=== Begin Enclosure ===

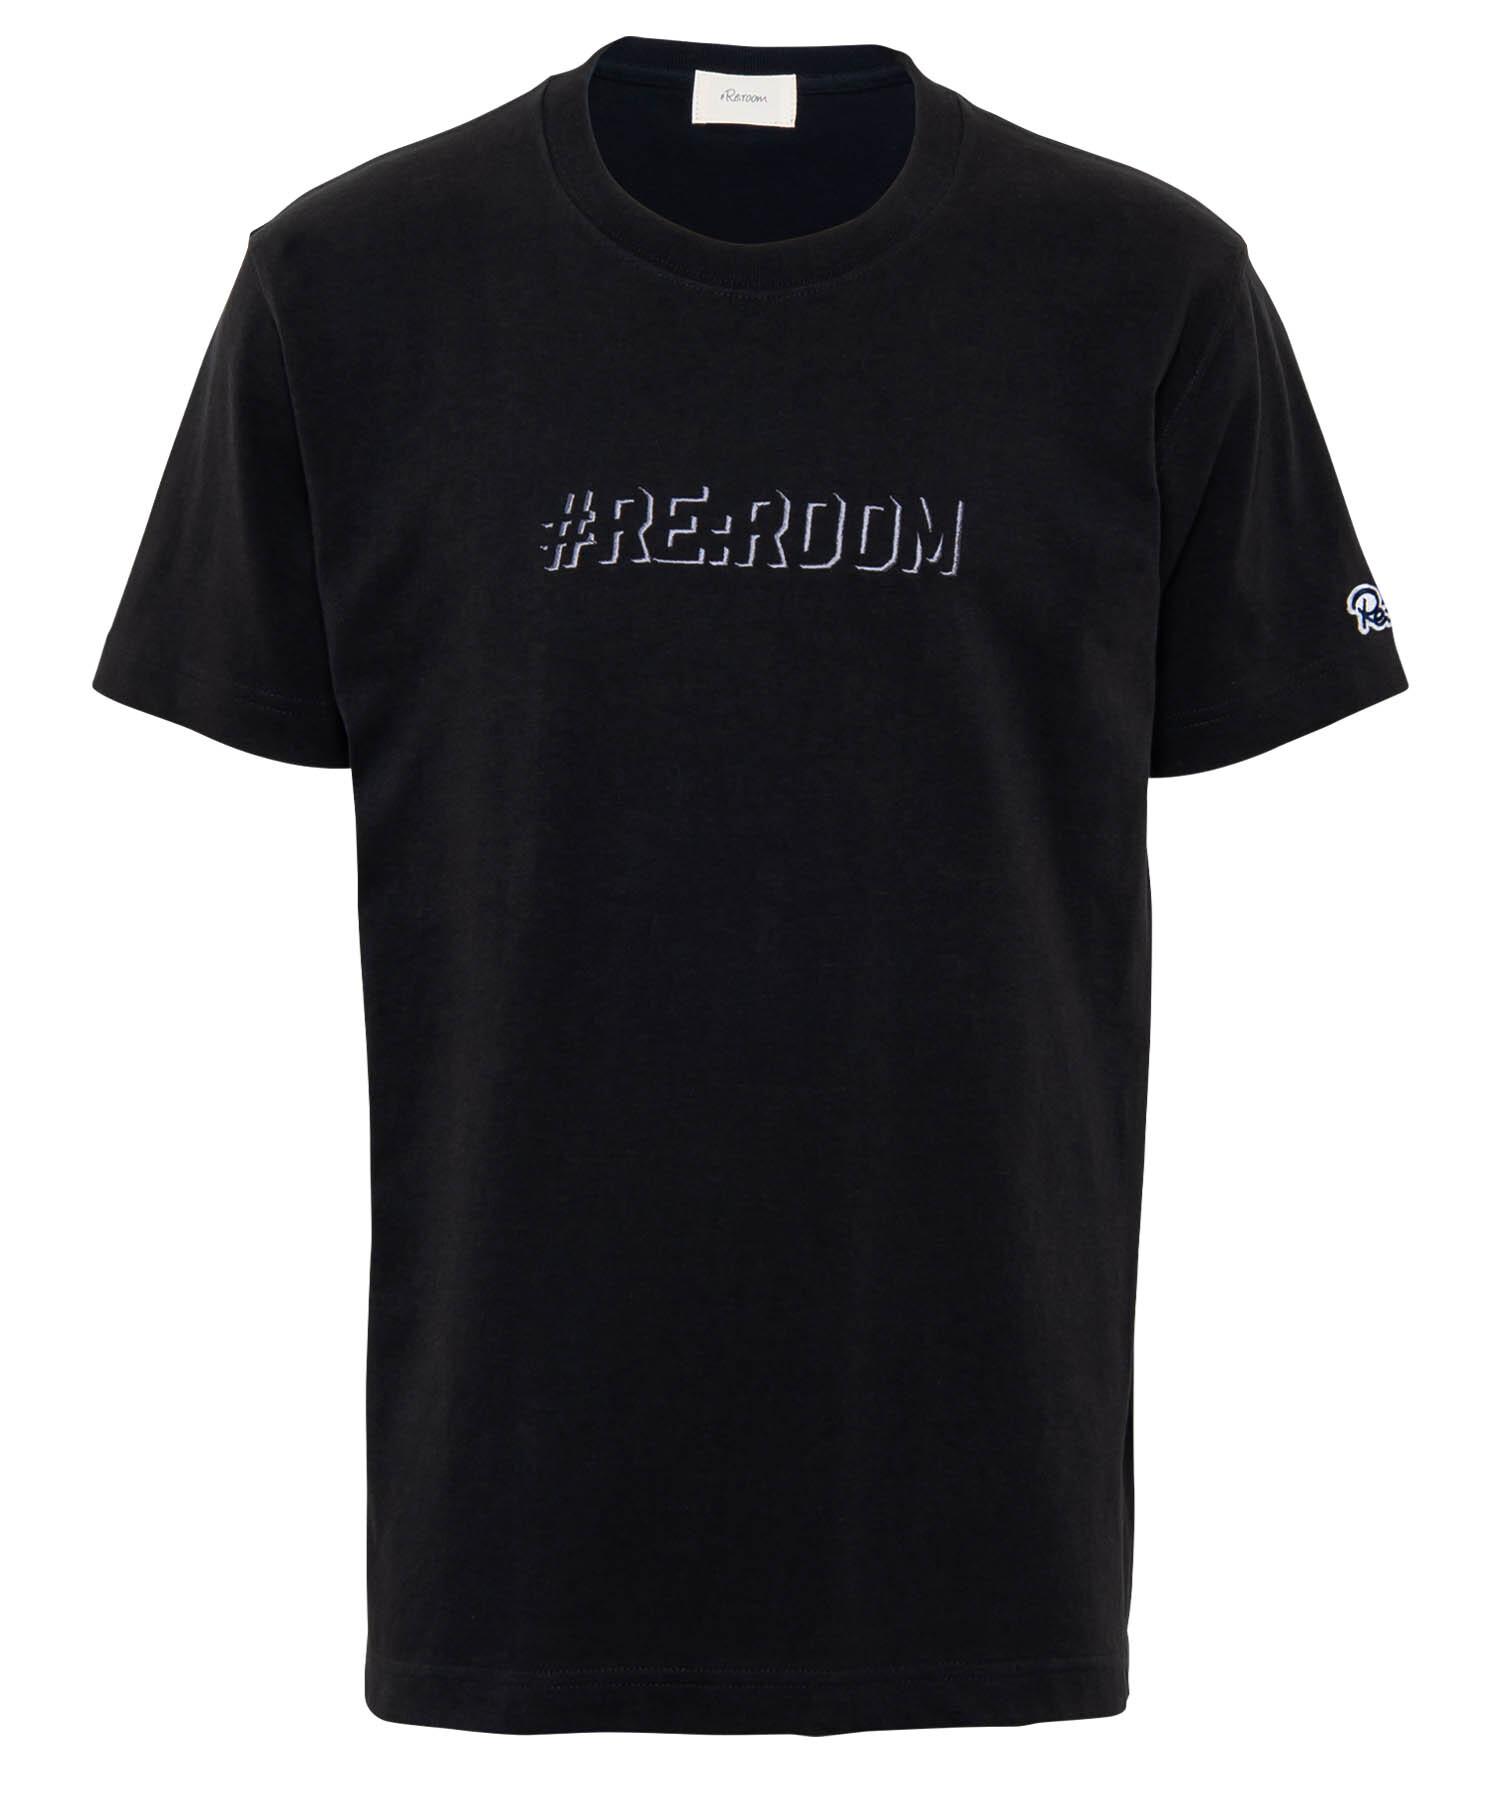 EMBROIDERY SHADOW LOGO T-shirt[REC396]
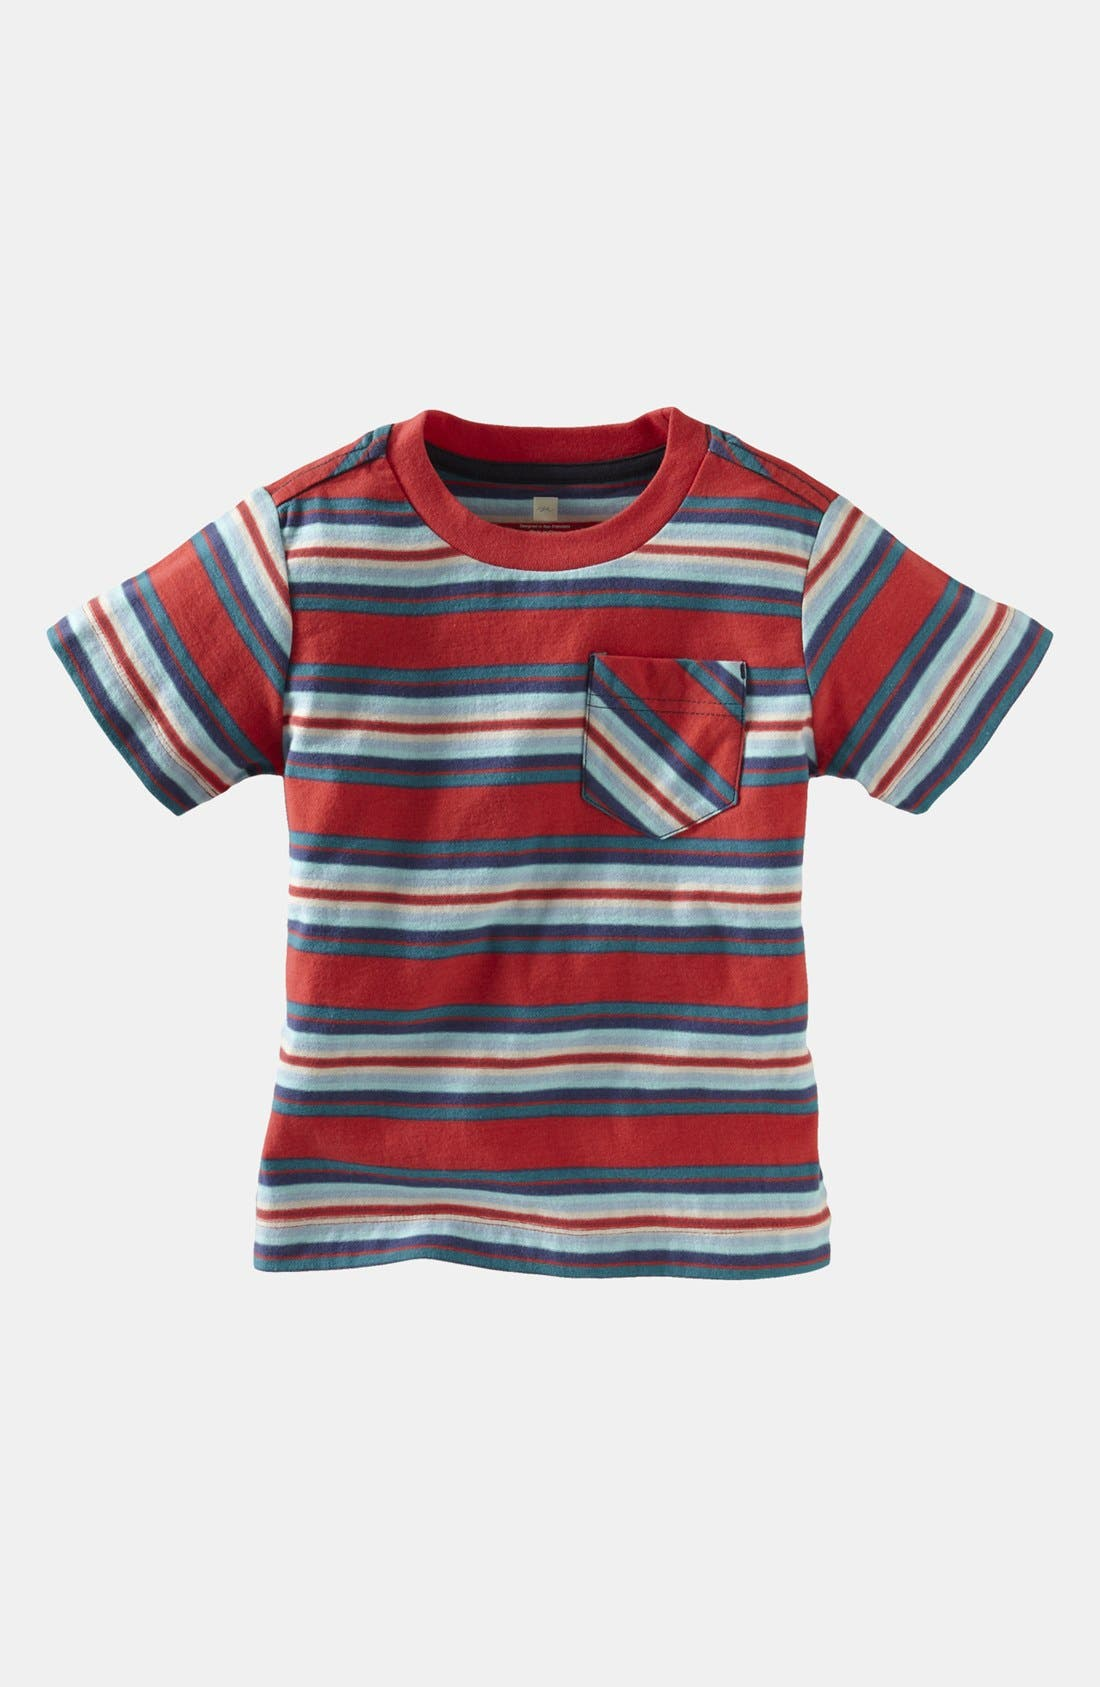 Main Image - Tea Collection 'Venda' Stripe T-Shirt (Toddler)
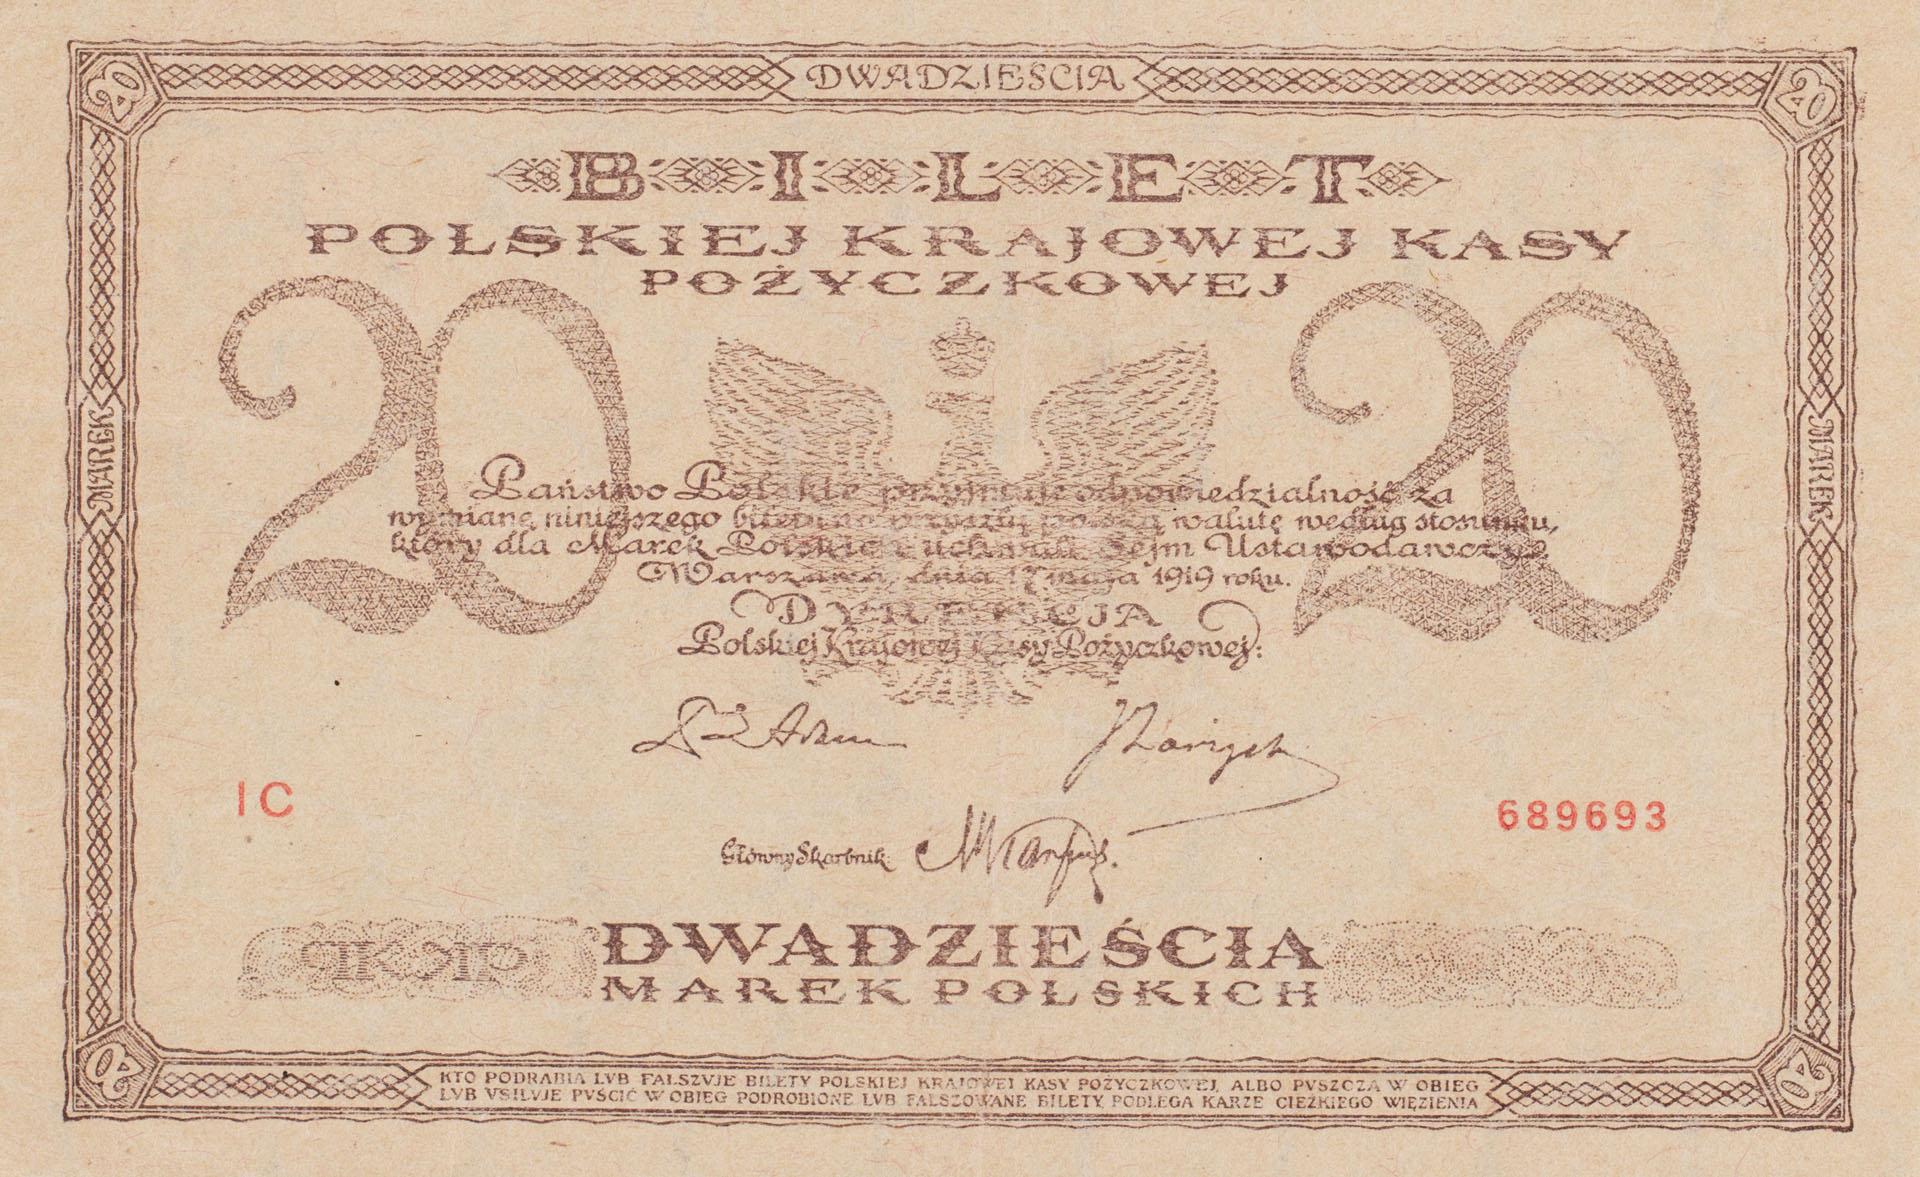 Banknot 20 marek polskich
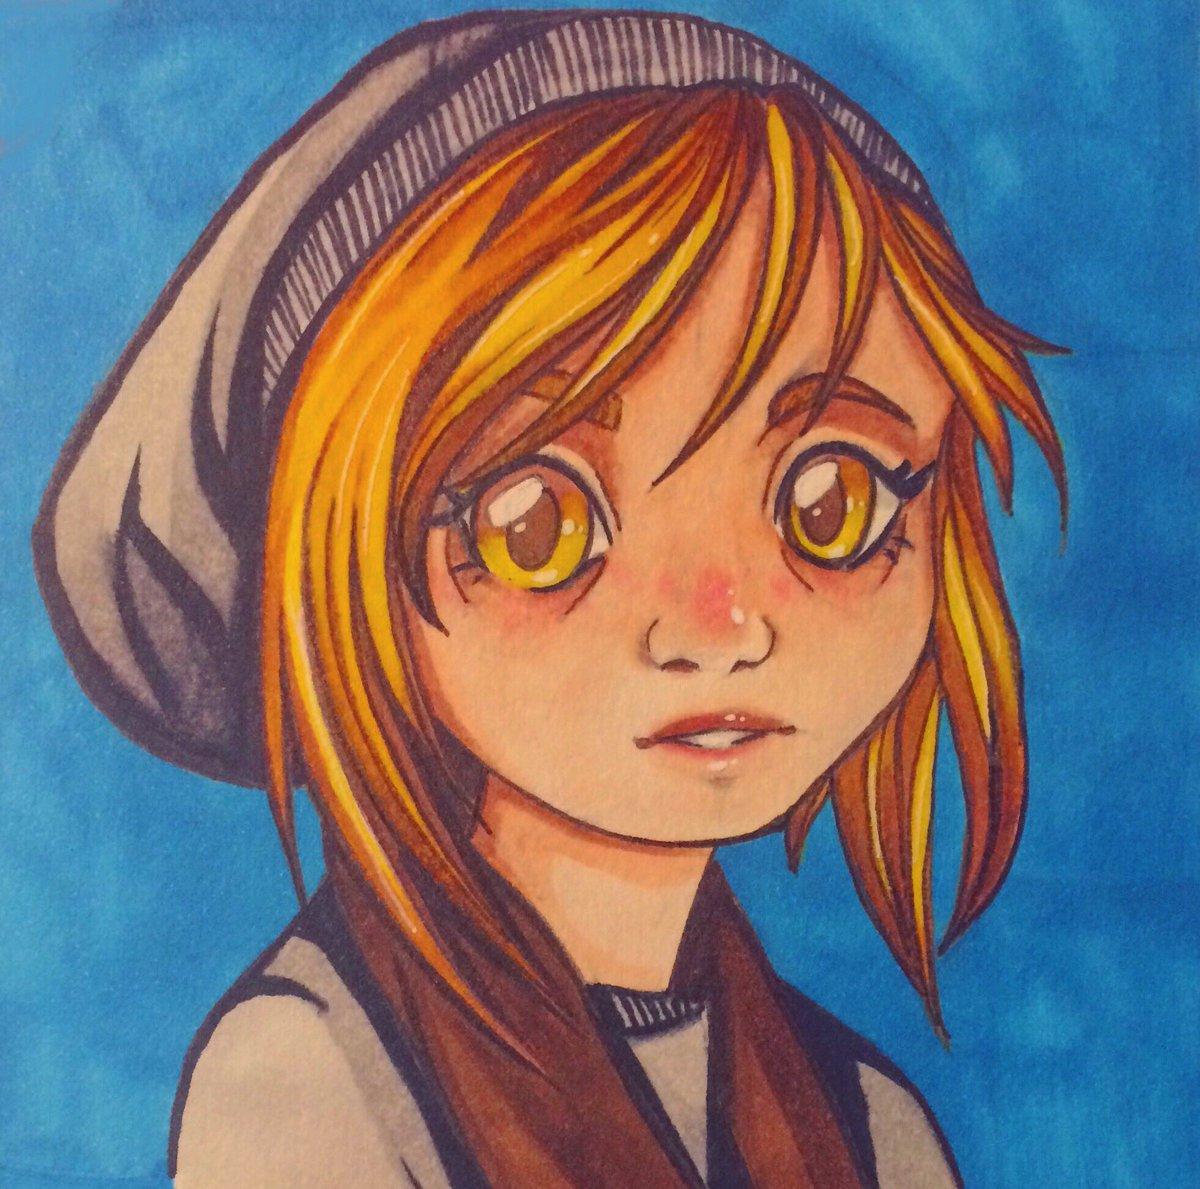 Just a quick drawing #myart #MyArtwork #ink #anime #AnimeArt https://t.co/EuFmhv7XJK

=== End Enclosure ===

__PROBLEM DESCRIPTION__.
From the material above, print everything exactly except the pictures.

__PROBLEM SOLUTION__.
 EMBROIDERY SHADOW LOGO T-shirt[REC396]
 Main Image - Tea Collection 'Venda' Stripe T-Shirt (Toddler)
 Banknot 20 marek polskich
 Just a quick drawing #myart #MyArtwork #ink #anime #AnimeArt https://t.co/EuFmhv7XJK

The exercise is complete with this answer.